Proprietary technologies include OptiChem(R) surface coatings, and various
innovative assay processing methods. We have received patents or we have patent
applications pending for the major technology components, methods, and systems.

The BACcel(TM) system development project began with a number of innovative
analytical biological concepts that had no direct precedent, but which adapted
well-accepted microbiological testing principles for automated analysis. Until
now, these testing principles have only been applied to cultures that contain
hundreds of millions of bacteria descended from single organisms, hand-selected
as cultured colonies grown from a patient specimen.

The BACcel(TM) system is based on simple transformations of standard methods,
using advanced automation technology to achieve substantially better performance
than is possible with current testing methods. We believed that speed and
precision should be possible by analyzing, as individuals, many thousands of
cells extracted directly from the patient specimen. This contrasts with standard
culturing in which the descendants of fewer than ten cells are presumed to
represent the entire infectious bacterial population in a specimen, and with
which many hours of repeated growth are required to perform analyses. Typically,
initial testing requires 2-3 days, which is too late to help guide the physician
to make treatment decisions for critically ill patients who often become
infected with drug-resistant bacteria. As a result, initial therapy typically
proves inadequate in 20% to 40% of such cases, causing high mortality, serious
medical complications, and extended length of stay.

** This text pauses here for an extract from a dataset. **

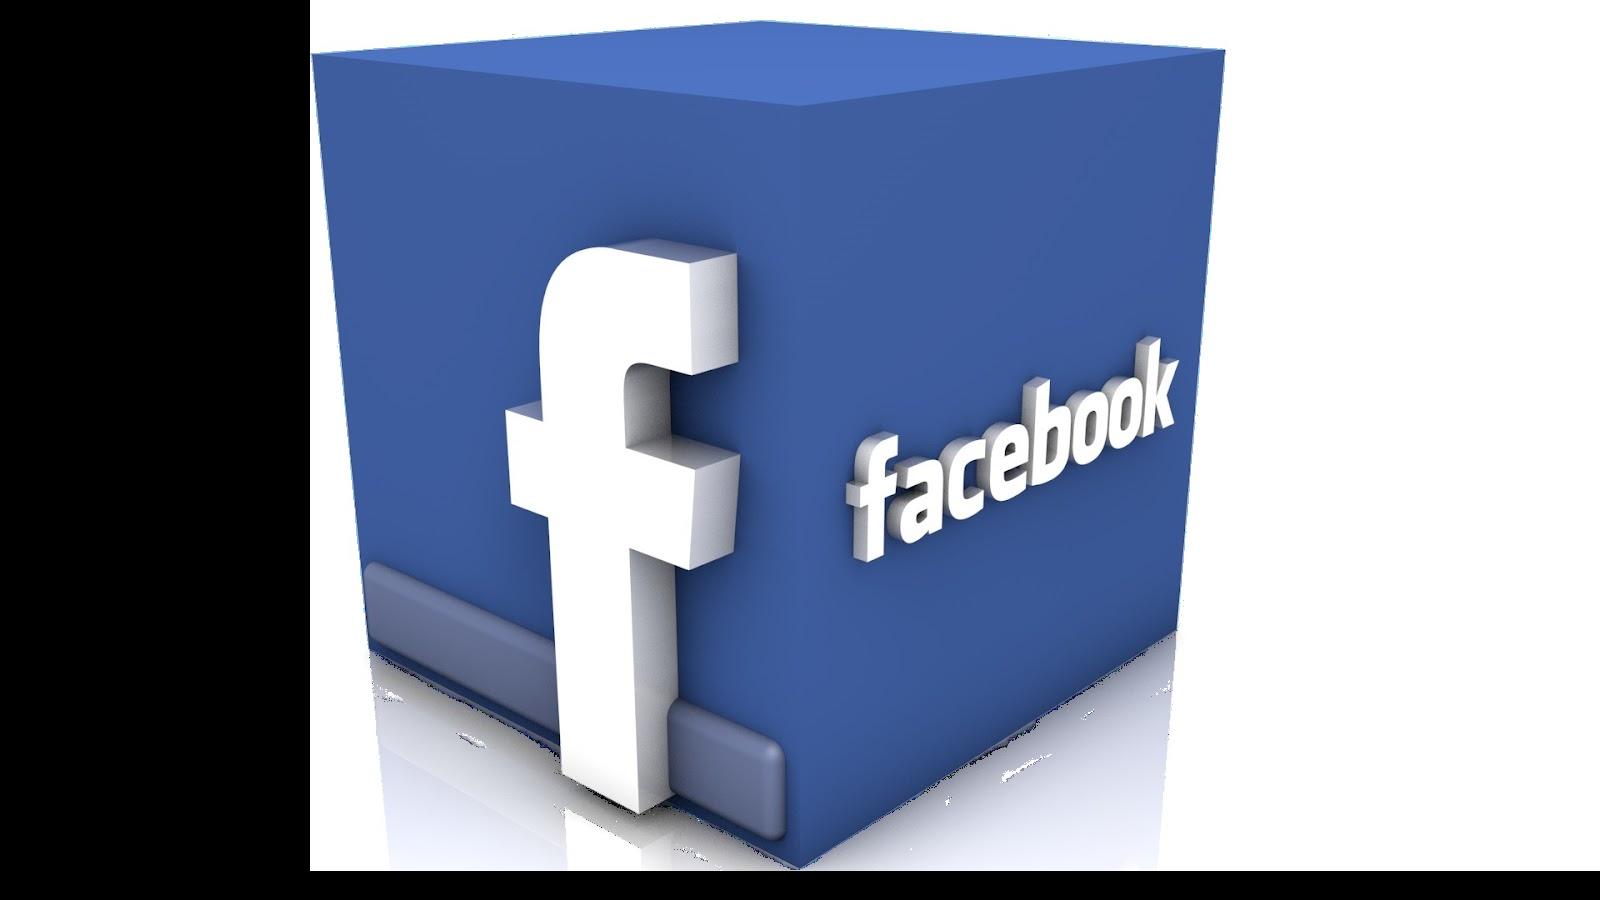 latest fb icon. Facebook clipart logo

Published studies on ICU patients consistently show that a hospital-acquired
infection (HAI) doubles the risk of mortality and complications. Infection with
a multi-resistant organism quadruples risks relative to comparable un-infected
patients. The most important reason for elevated risk is inadequate initial
therapy, caused by widespread and complex mechanisms of drug resistance.

We intend the BACcel(TM) system to report bacterial quantitation and
identification within 2 hours of patient specimen processing. We plan to augment
the first reported identification with additional identification of major
antibiotic resistance mechanisms. We believe that resistance mechanism
identification will require no more than 4 additional hours of testing, with
some results becoming available more quickly than others.

The purpose of this strategy is to narrow the drug choices for initial therapy
by identifying major resistance mechanisms that are likely to cause drugs to
fail. If successful, this approach would help the physician to subtract
ineffective drugs from the list of available drugs, leaving those that are most
likely to control the infection as initial therapy.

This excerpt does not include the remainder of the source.